The God Jesus Christ invites us to worship is not small. He does not speak in our own little voices. As John portrays it (Rev. 4:2-6), God’s appearance is more likely to produce shock and awe than any other emotions in those who see him. “At once I was in the Spirit,” John writes, “and behold, a throne stood in heaven with one seated on the throne. And he who sat there had the appearance of jasper and carnelian, and around the throne was a rainbow that had the appearance of an emerald.” But God is not only seen, he is heard: “From the throne came flashes of lightning, and rumblings and peals of thunder.”

John’s description of God has Old Testament antecedents, especially Ezekiel 1:26–28, which similarly portrays God’s throne as surrounded by a brilliant rainbow. Psalm 104:2 tells us that God covers himself “with light as with a garment.” In 1 Timothy 6:16, Paul says that God “dwells in unapproachable light, whom no one has ever seen or can see.” The celestial sound and light show of thunder and lightning that made its first public appearance at Mt. Sinai, where God gave Moses the Law (Ex. 19:16–20, 20:18–21), now reappears in John’s vision. Its inevitable—and intended—effect is that reverence of God that the Bible calls “the fear of the Lord.”
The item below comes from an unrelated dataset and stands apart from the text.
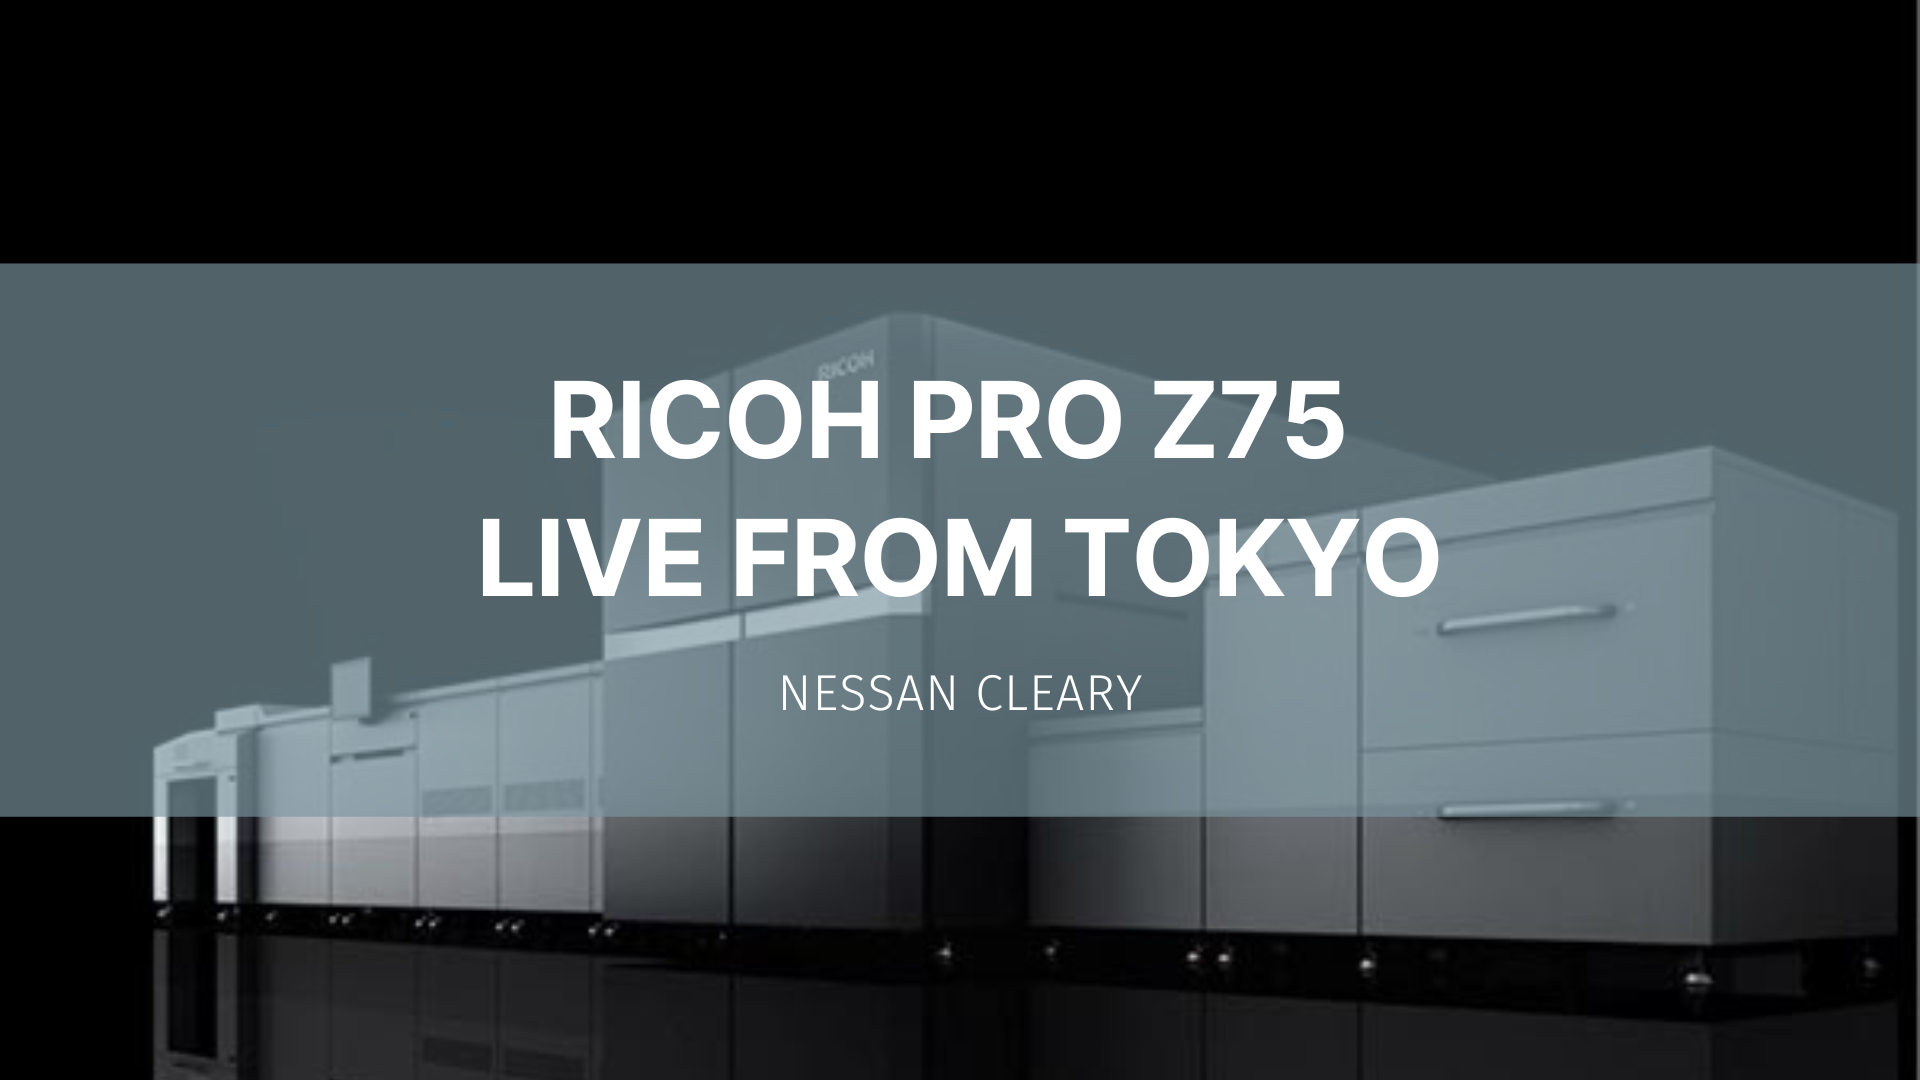 Featured image for “Ricoh Pro Z75 live from Tokyo”

The God Jesus Christ invites us to worship, in other words, is big, powerful, and very much unlike us.

And yet, God’s power is not arbitrary or immoral. God is powerful, but he is also just. He occupies the throne of heaven; so, he exercises his power with rightful authority. G. Campbell Morgan notes: “The throne of God—the fact of the throne, and the fact of God enthroned—is the revelation of the Bible…. All the pictures of the early times are pictures of men setting their lives into relationship with the throne of God and thus finding peace, or rebelling against the government of God and thus perishing.”[iii]

What God do you worship? A comfortable one or one who shocks and awes? “The fear of the Lord is the beginning of knowledge” (Prov. 1:7, 9:10). Only a large God can bring an expansive peace to your life and to the world.

 

[i] J.B. Phillips, Your God Is Too Small (New York: Macmillan, 1961), 8.

[ii] Robert Bellah, et al, Habits of the Heart (Berkeley, CA: University of California Press, 1985), 221; quoted in Robert C. Fuller, Spiritual, Not Religious: Understanding Unchurched America (New York: Oxford, 2001), 159.

[iii] G. Campbell Morgan, Studies in the Prophecy of Jeremiah (London: Oliphants, 1969), 101; quoted in Eugene H. Peterson, Reversed Thunder: The Revelation of John and the Praying Imagination (Grand Rapids, MI: Eerdmans, 1988), 61.